Cognitive therapy gains can be sudden, and can spiral upward

Psychotherapy does not always follow a linear path.

Most… research is based on the assumption that treatment progress in psychotherapy is linear, or log-linear, and follows some form of regular dose-response relationship… However, this assumption regarding the macro, or average level of change, does not necessarily hold for a finer grained analysis of individual progress…

The prevalence of sudden gains found in several studies from different research groups varies between 17% and 50%…

…sudden gains are a phenomenon of cognitive behavioral therapies (CBT) and result from CBT-specific techniques. …substantial cognitive changes could be observed in the therapy session preceding the sudden gains. Sudden gains were followed by a better therapeutic alliance and more cognitive changes in the session after the sudden gain. Thus, the authors postulated an upward spiral, i.e., cognitive changes during the pregain sessions foster the therapeutic alliance and eventually result in additional cognitive changes…

In this paper the frequency of sudden gains as well as sudden losses will be investigated in a large naturalistic outpatient sample (n=1500) with repeated measurements of session progress.

Sudden losses are less frequent, and are more-or-less random

…23.4%… of the patients in the sample experienced at least one sudden gain…

…4.5%… of those experienced a sudden gain and a sudden loss…

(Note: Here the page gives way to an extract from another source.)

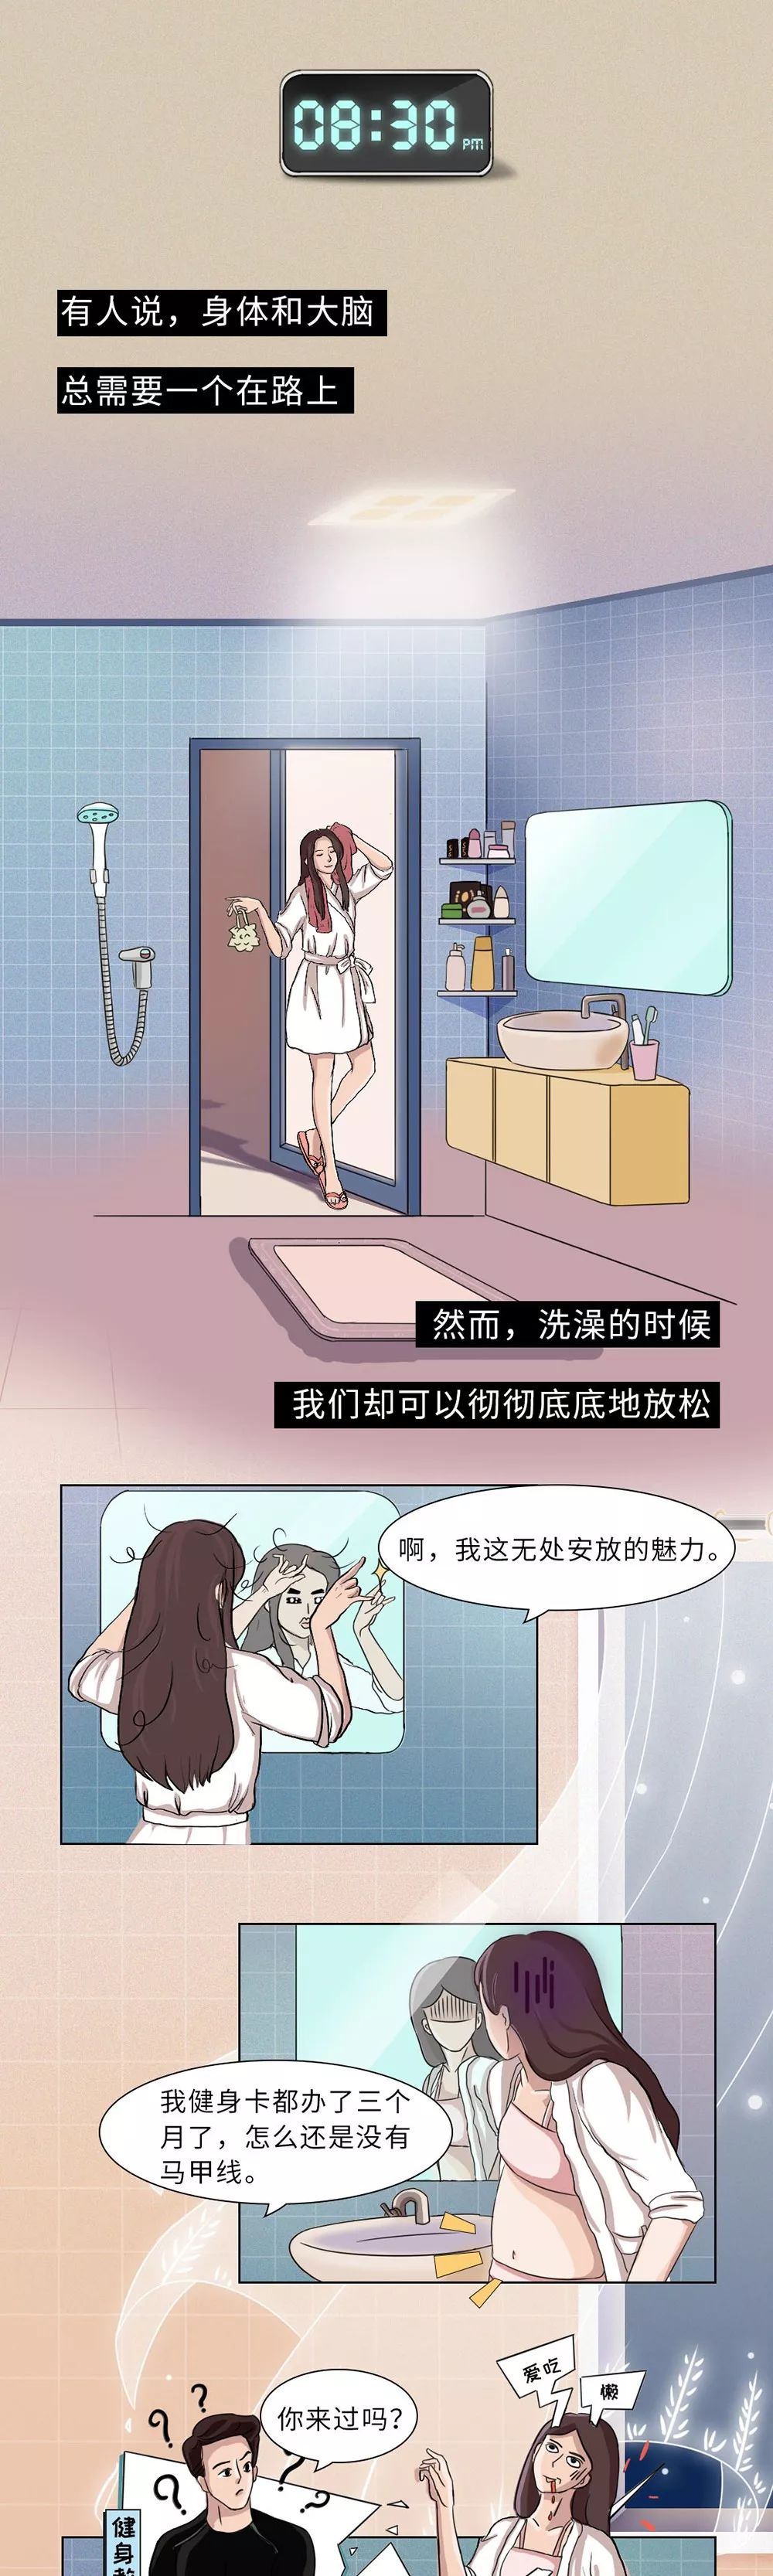 《当代女子洗澡过程全纪实》

…18.9%… had only sudden gains…

…5.47%… experienced only sudden losses.

In contrast to sudden gains, sudden losses occur over the course of treatment without a typical peak of occurrence.

Cognitive therapy gains are greater for people who are hurting more

…those patients who experienced no sudden shifts at all and followed a more linear trajectory had the shortest therapies. At intake patients with no sudden shifts tended to be significantly less disturbed on average… than the three groups with sudden shifts… … post-hoc tests revealed that patients with no sudden shifts were less impaired… compared to sudden gain patients…

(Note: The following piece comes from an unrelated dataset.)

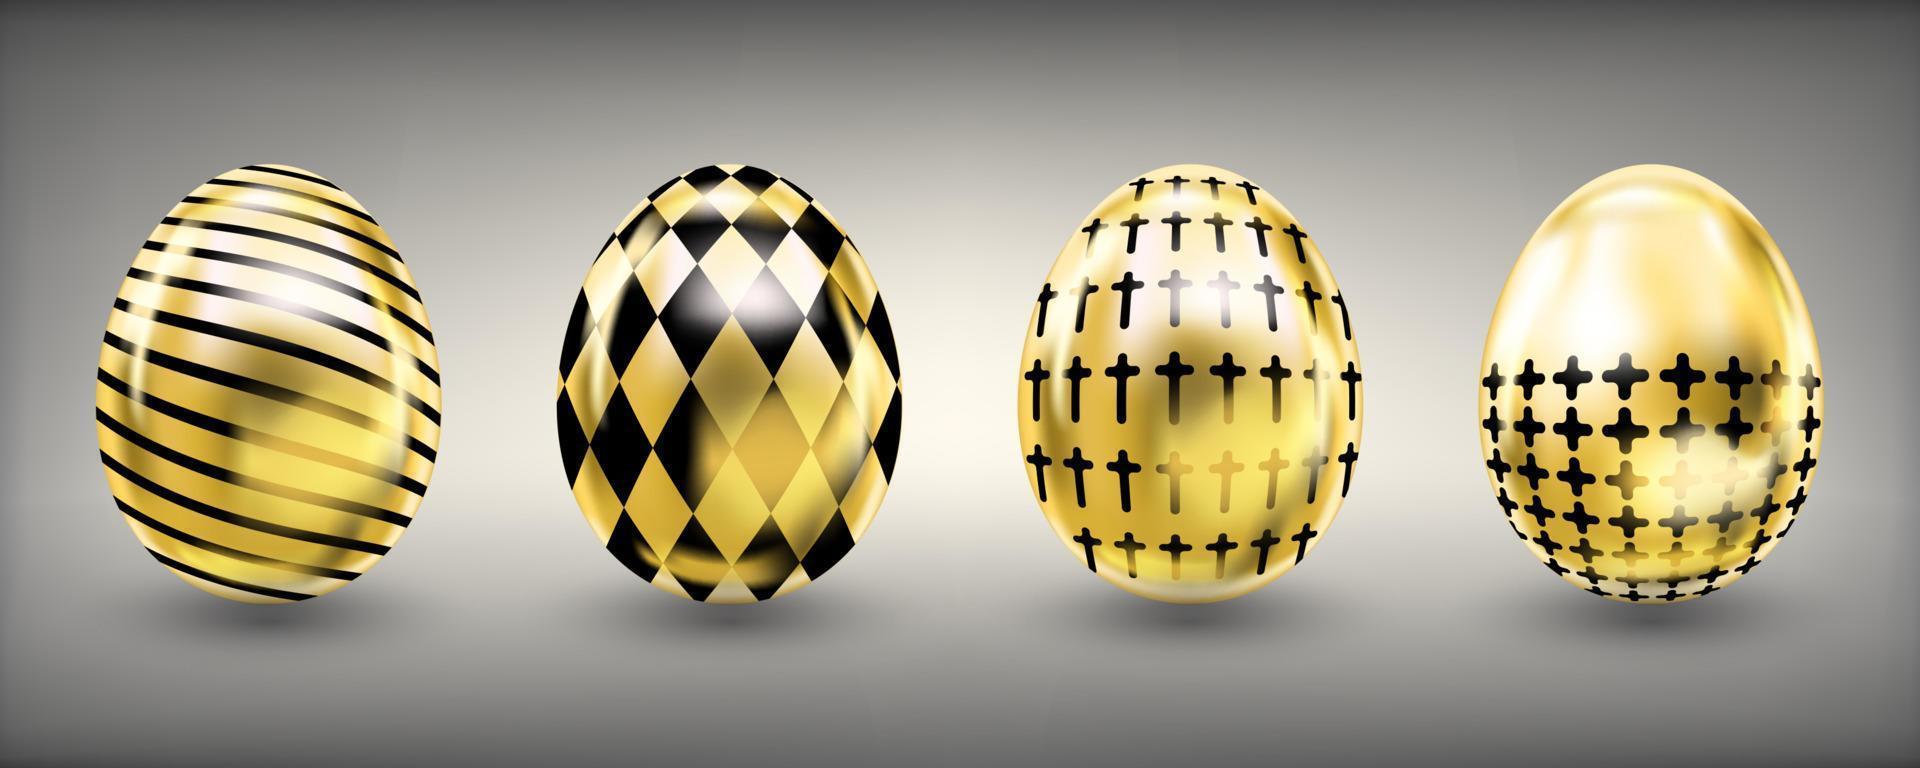 Pasen glanzende blik gouden eieren met zwarte kruisen en kruimels vector

…patients with both sudden gains and sudden losses stayed in treatment longer than those in the other groups.

Patients with sudden gains… did not rate the therapeutic relationship significantly higher on average than patients with sudden losses… Results further confirm previous findings that a large amount (about 42%) of sudden gains tend to take place early in therapy and they are part of the phenomenon of early change… But the phenomena also occur later in treatment (about 58%). …we found shorter treatments for patients experiencing sudden gains early in treatment. Patients with early sudden gains showed the highest effect sizes… at the end of treatment.[1]


  1. Lutz, Wolfgang, et al. “The ups and downs of psychotherapy: Sudden gains and sudden losses identified with session reports.” Psychotherapy Research 23.1 (2013): 14-24.